(ACTION ITEM)
Of the material below, only the lines from the line containing "Inter Academy pozýva" down to the line containing "Rupert Neve Designs" belong in the answer, written out exactly.

(DATASET CONTENT)
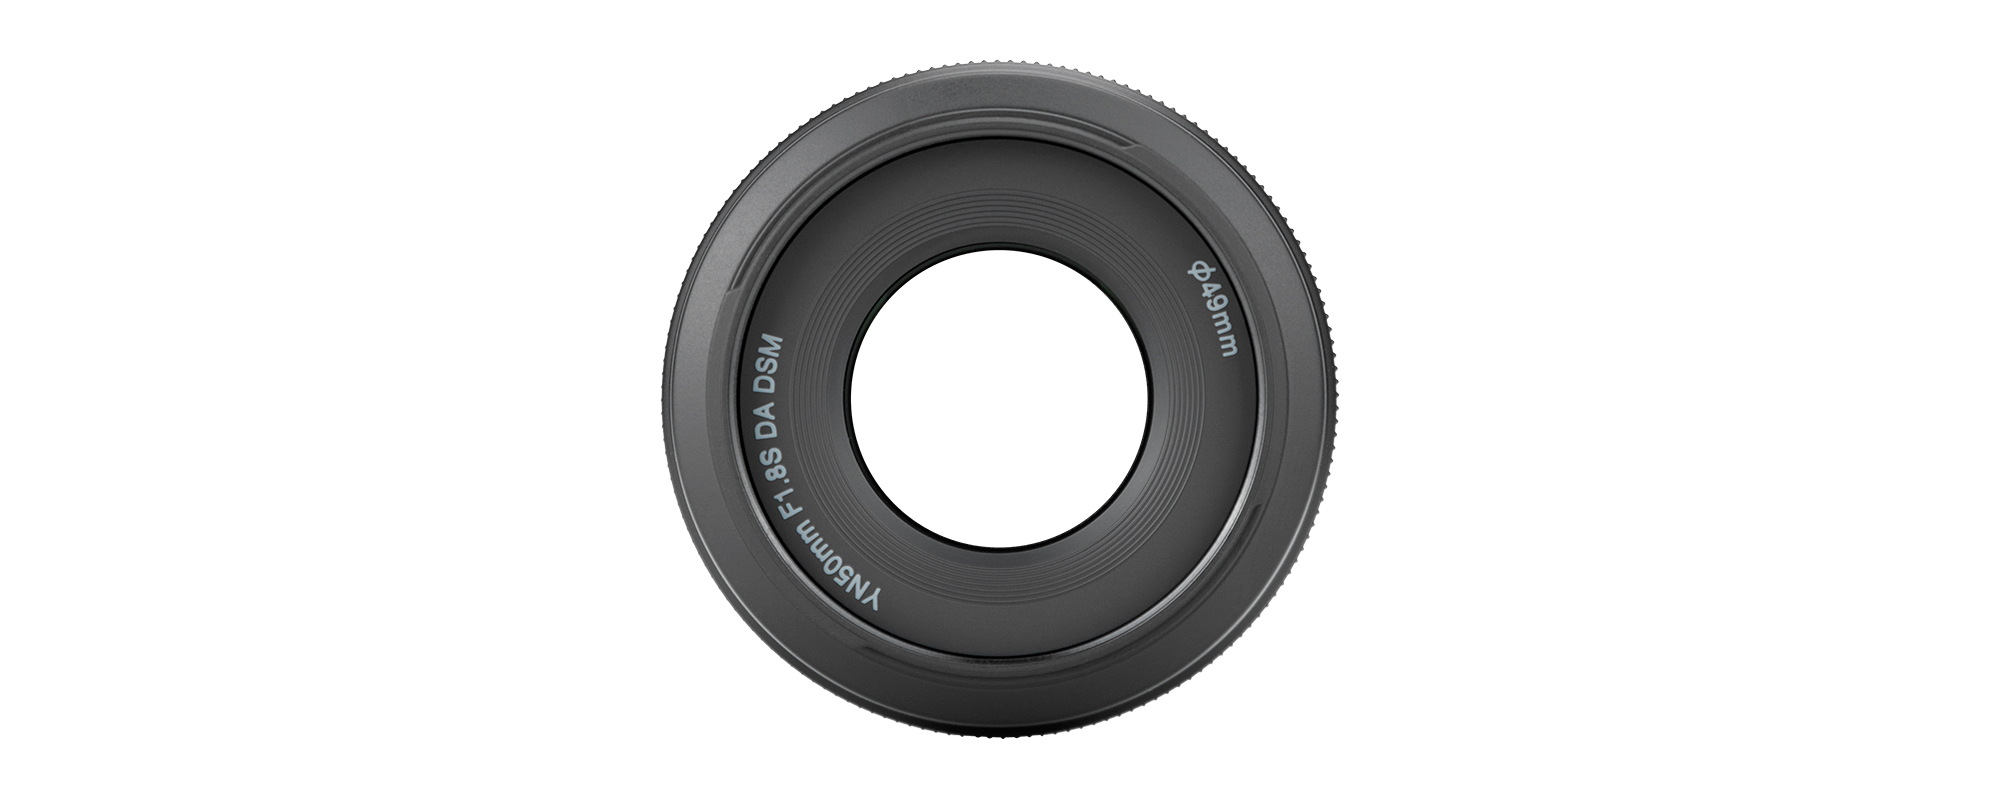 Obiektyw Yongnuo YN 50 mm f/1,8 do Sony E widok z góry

...

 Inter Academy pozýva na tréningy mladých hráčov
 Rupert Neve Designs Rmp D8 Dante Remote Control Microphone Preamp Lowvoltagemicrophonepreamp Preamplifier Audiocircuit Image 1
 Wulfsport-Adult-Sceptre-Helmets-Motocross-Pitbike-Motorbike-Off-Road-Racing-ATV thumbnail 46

--

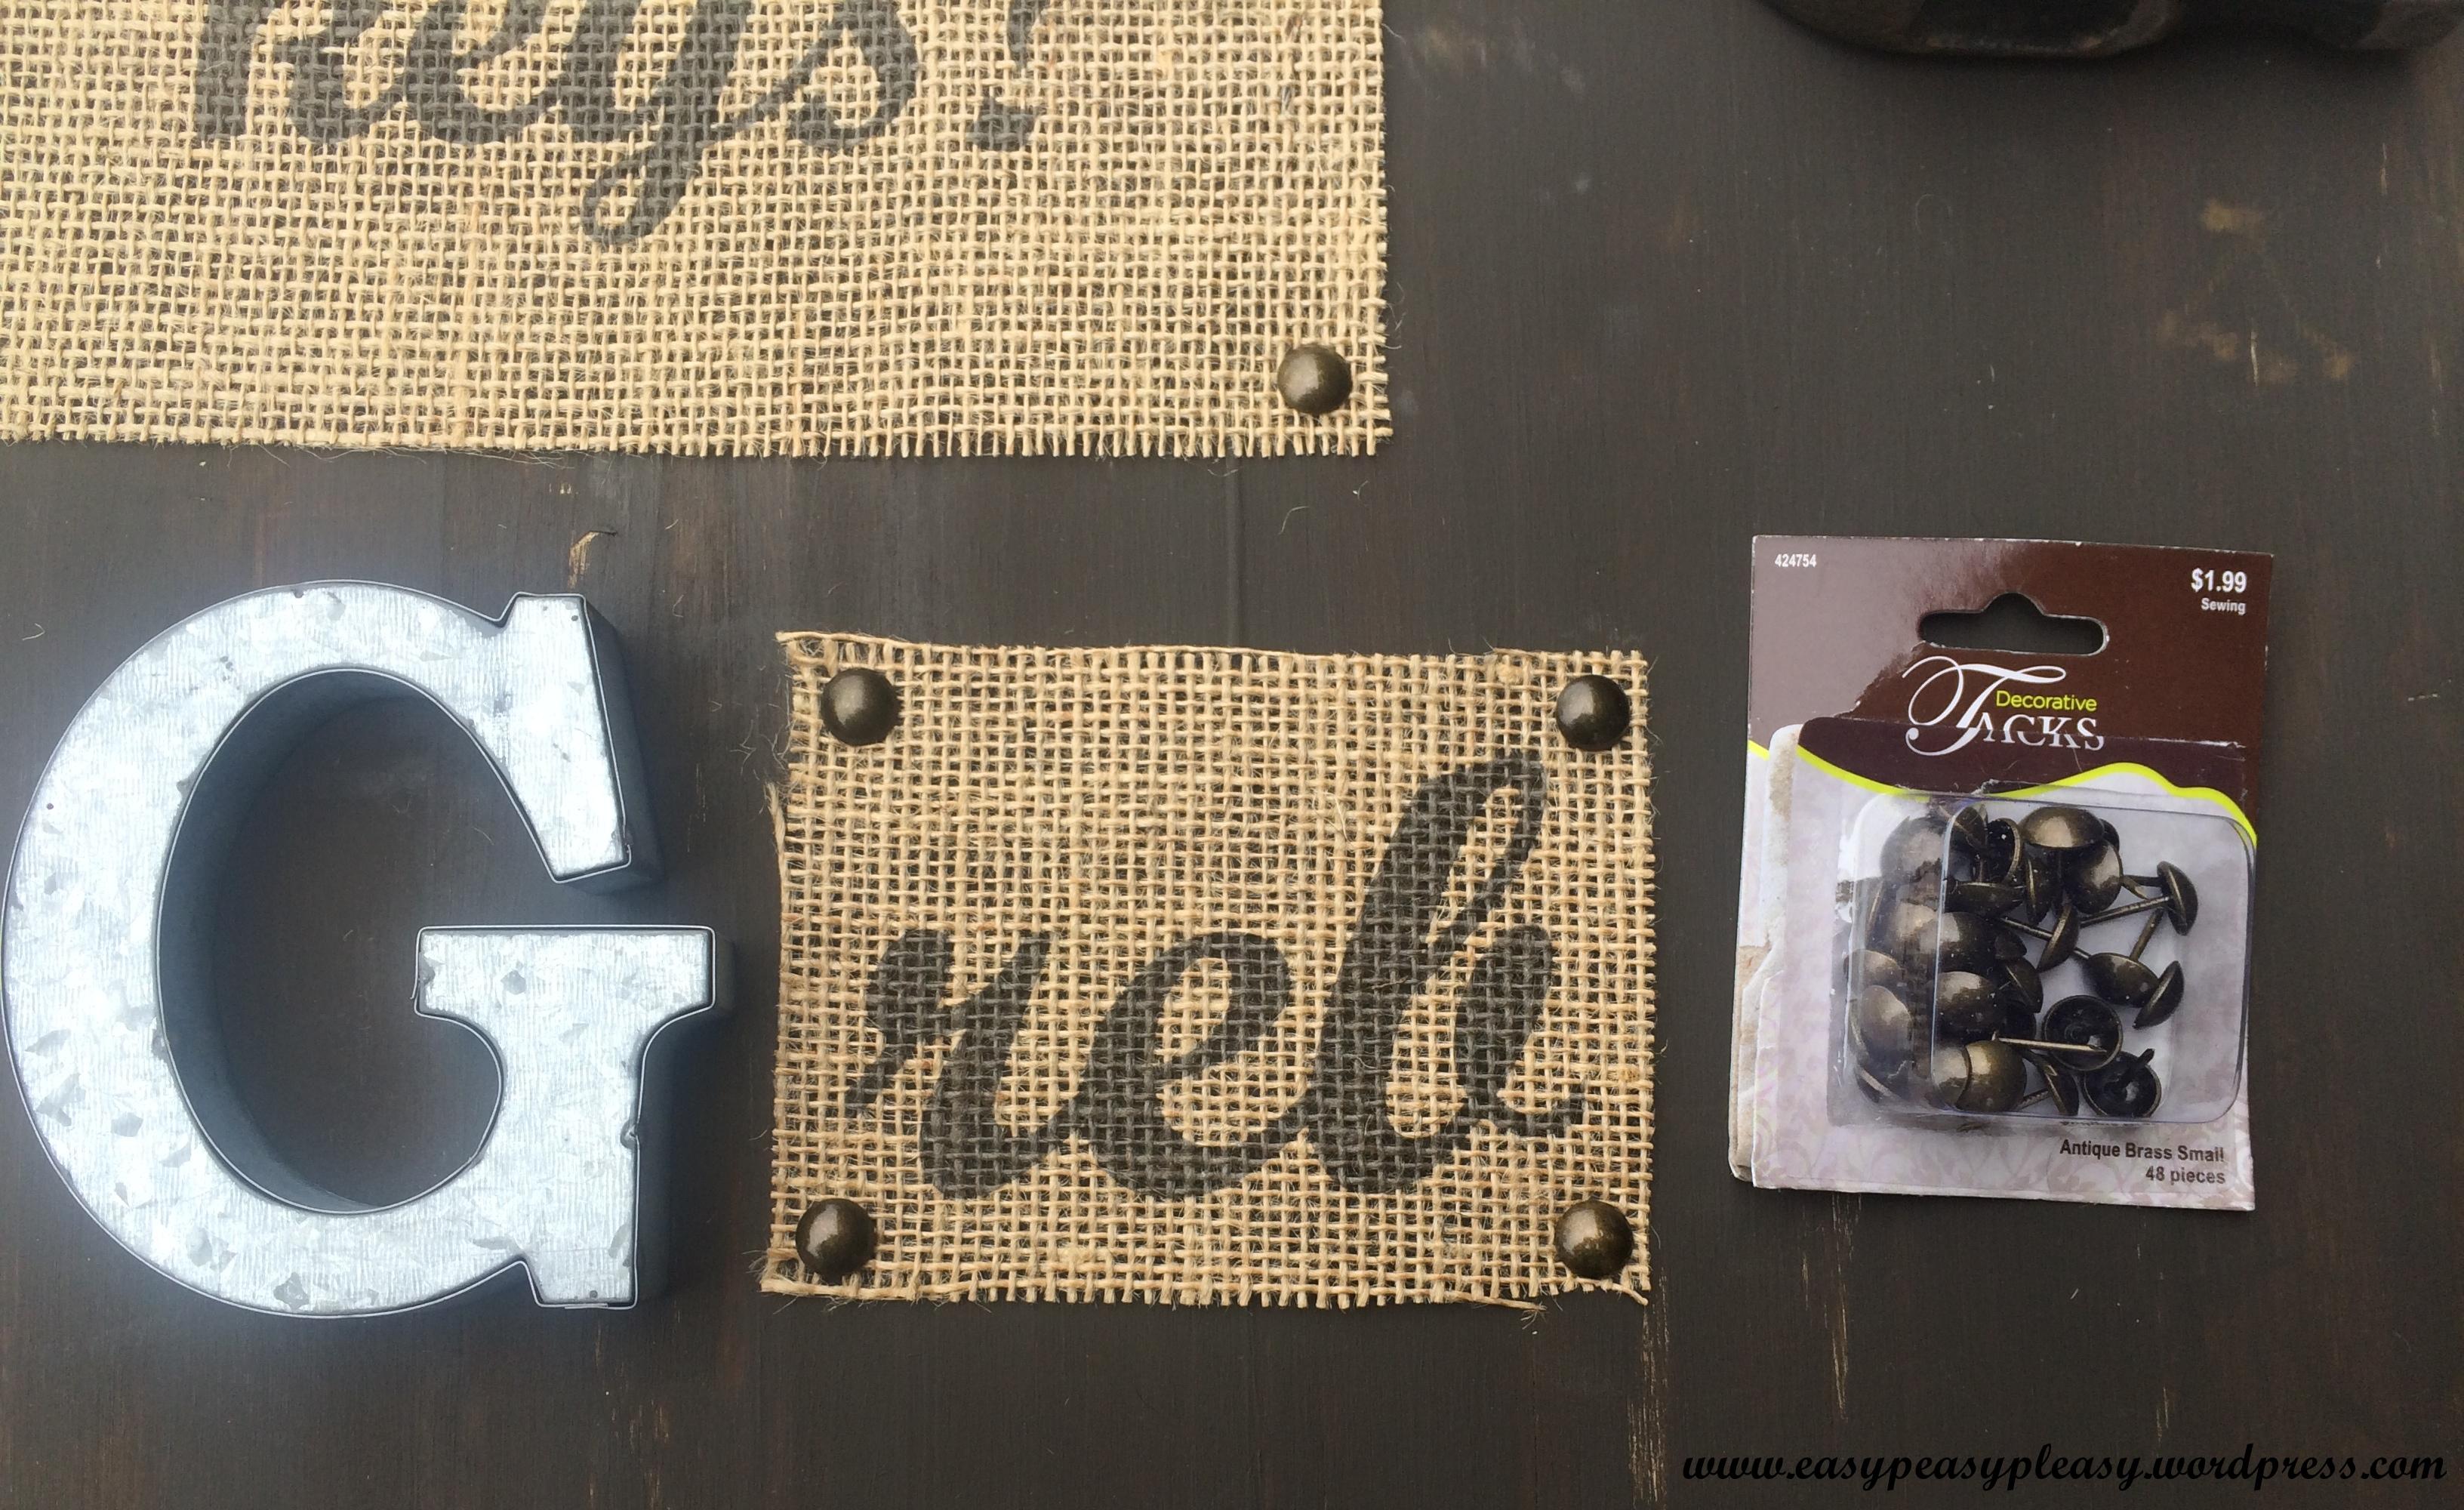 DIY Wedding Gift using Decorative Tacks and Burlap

(TASK RESPONSE)
 Inter Academy pozýva na tréningy mladých hráčov
 Rupert Neve Designs Rmp D8 Dante Remote Control Microphone Preamp Lowvoltagemicrophonepreamp Preamplifier Audiocircuit Image 1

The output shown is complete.